South of Algiers (U.S. The Golden Mask) is a 1953 British travel adventure film, directed by Jack Lee and starring Van Heflin, Wanda Hendrix and Eric Portman.  It is based on an original screenplay by Robert Westerby, and was partly filmed on location in Algeria.

Plot
Doctor Burnet (Portman), a scholar of ancient history at the British Museum, is obsessed with finding the legendary and priceless Golden Mask of Moloch, believed to be buried in the lost tomb of a Roman general somewhere in the Algerian desert.  He plans his latest expedition of discovery, but lacks funds to pay for an archaeologist to accompany him.  He learns from the museum curator that Nicholas Chapman (Heflin), an American author of popular archaeology books, is eager to go along and work without pay, on the understanding that he will be able to publish his experiences in magazine articles and book form.  Burnet is dubious of Chapman's expertise and good-faith, but finally agrees to let him join the party.

Unknown to them, Burnet and Chapman are accompanied on their flight to Algiers by unscrupulous fortune hunter Petris (Charles Goldner) and his sidekick Kress (Jacques B. Brunius), who are just as keen to get their hands on the mask, but in their case purely for financial reasons.

On arrival in Algiers, Burnet meets up with his daughter Anne (Hendrix) and her boyfriend Jacques (Jacques François), whose father is the curator of the local museum of antiquities.  Chapman is attracted to Anne, but she finds his forwardness off-putting. They walk around the ruins of Carthage together. Anne's attitude softens when she sees how kind he is to the local children.

That evening, Chapman goes alone to a nightclub, where Kress homes in on him, plies him with drink and introduces him to a sultry belly dancer.  After a very enjoyable evening, Chapman returns to his hotel room to find his belongings have been ransacked and his maps stolen.
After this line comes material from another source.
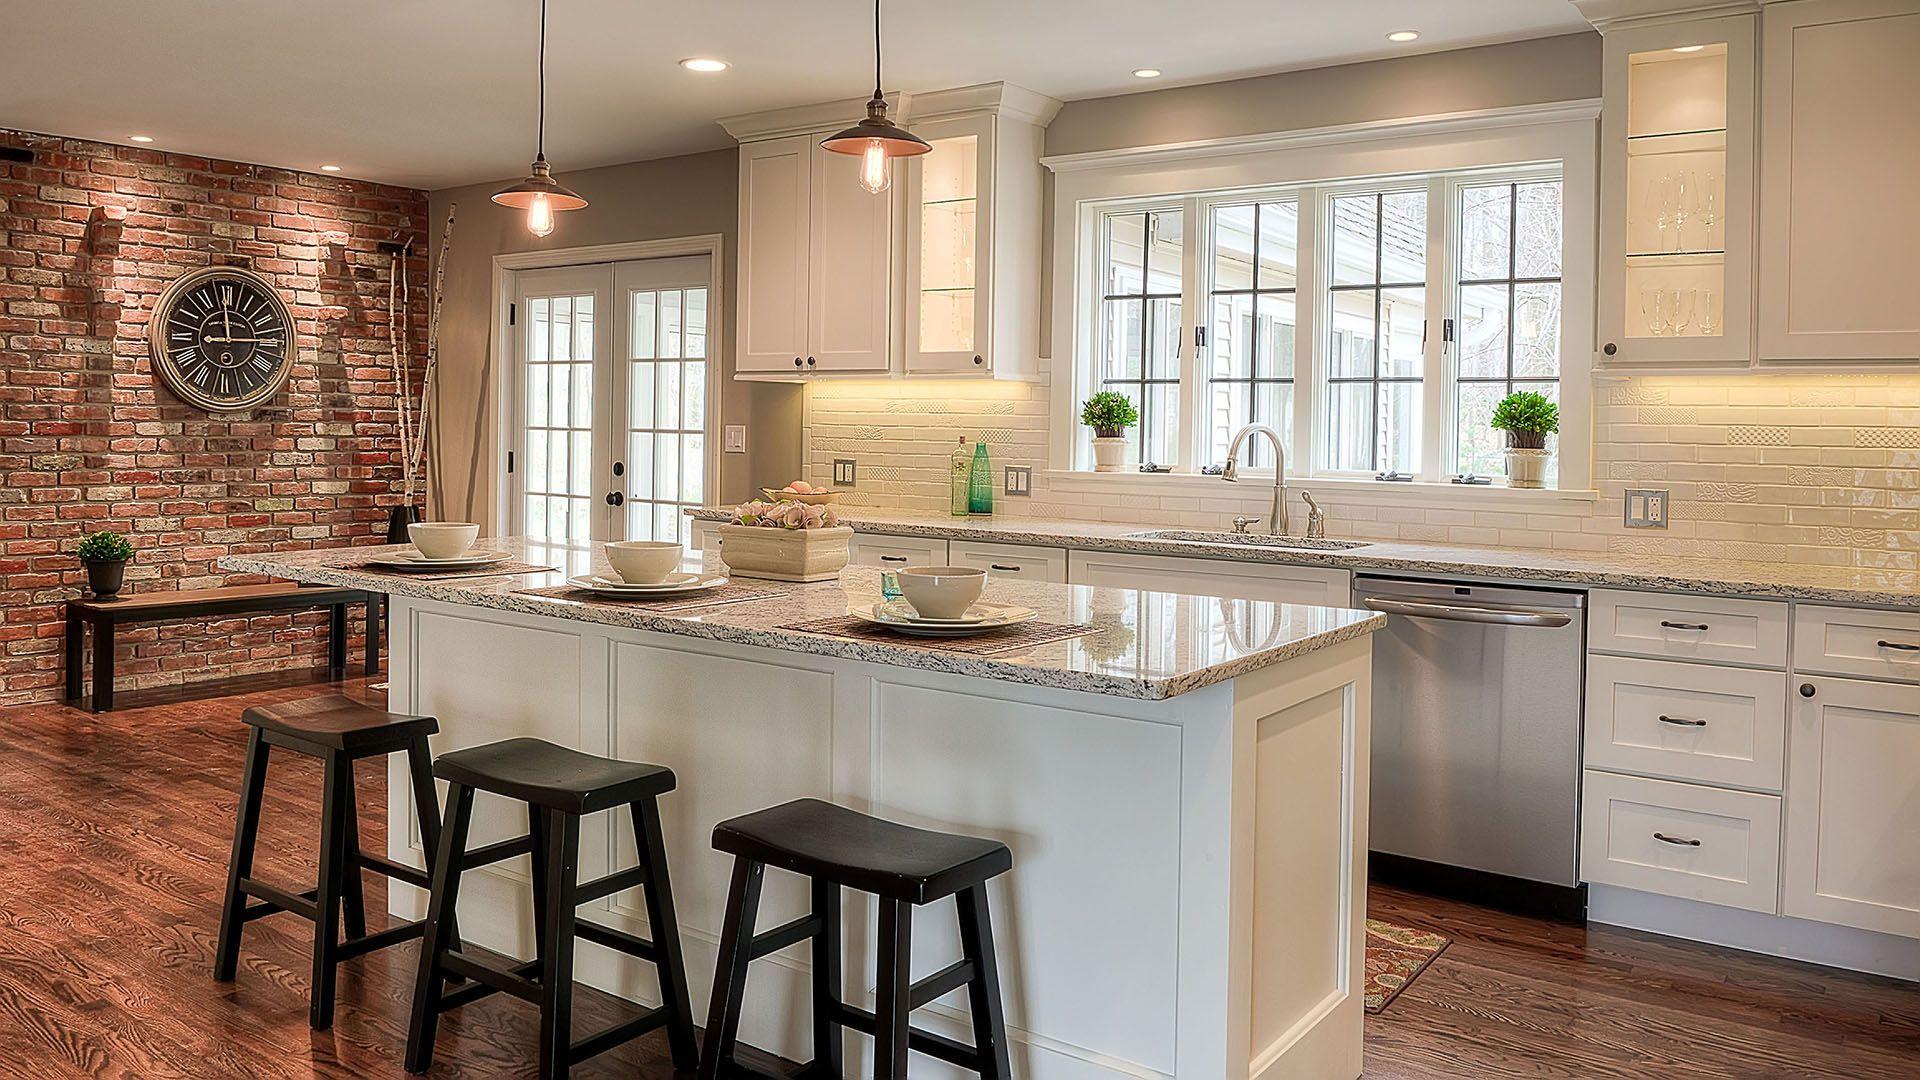 Kitchen Design Ideas Photos Of Remodeled Kitchens Kitchen Cabinet Door Styles Kitchen Design Kitchen Layout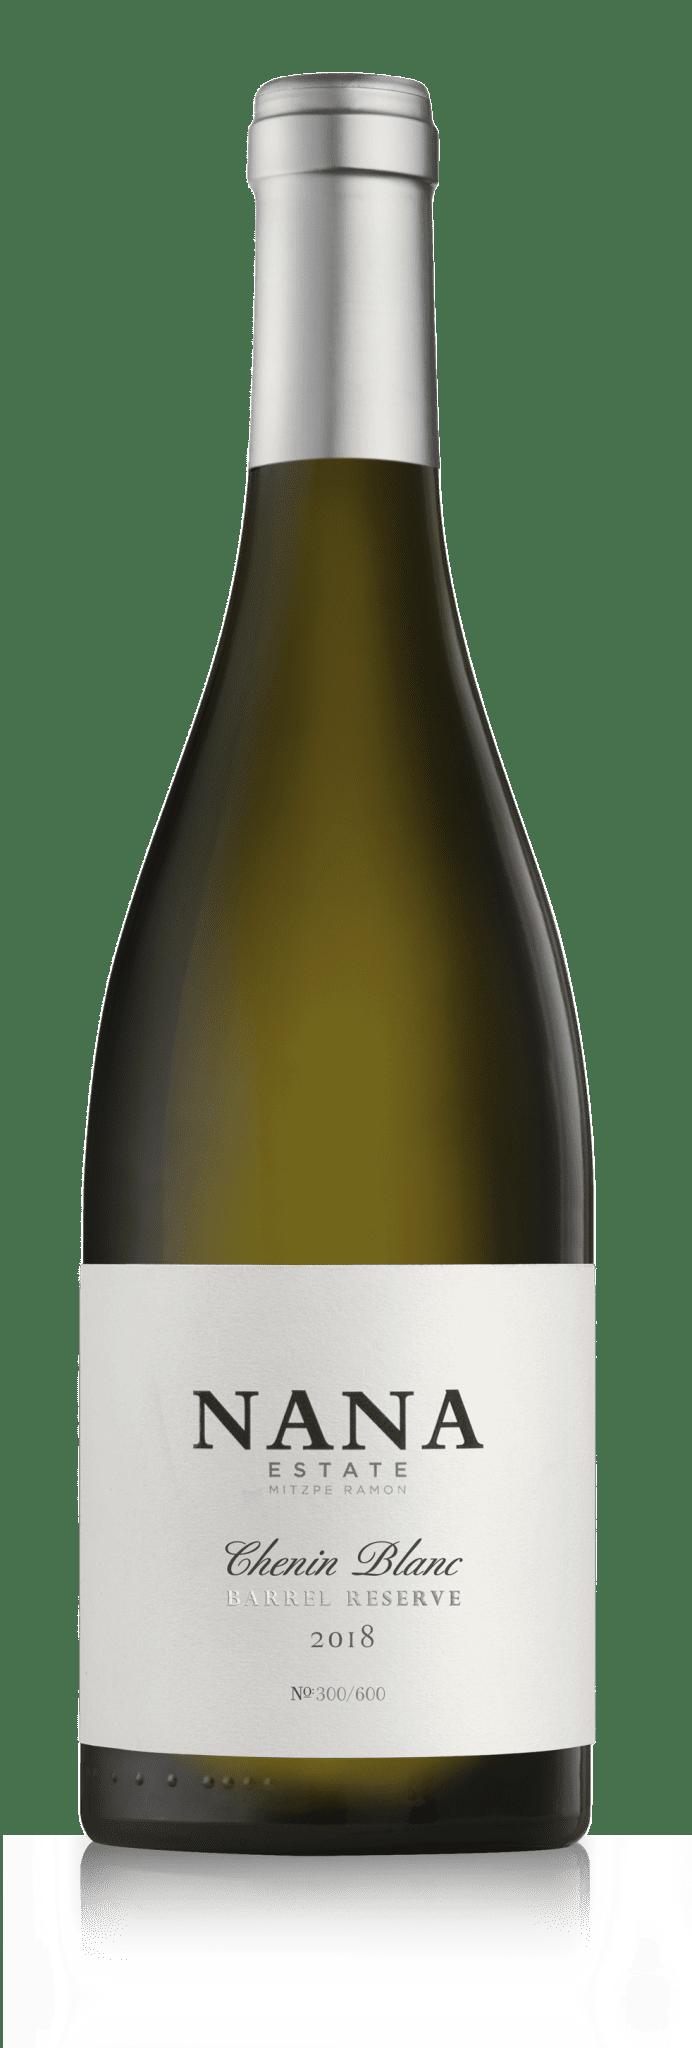 Chenin Blanc Barrel Reserve 2018-750ml

The Burnet party sets out across the Sahara by camel and are beset by dangers including windstorms and attacks by hostile desert nomads.  They finally reach the secret tombs, and narrowly escape with their lives when a roof collapses as they excavate.  Petris and Kress show up and force Chapman to reveal the location of the tomb.  They hatch a plan to kill Burnet and his party to claim the mask for themselves.  However Chapman proves to be more than their match and saves the day.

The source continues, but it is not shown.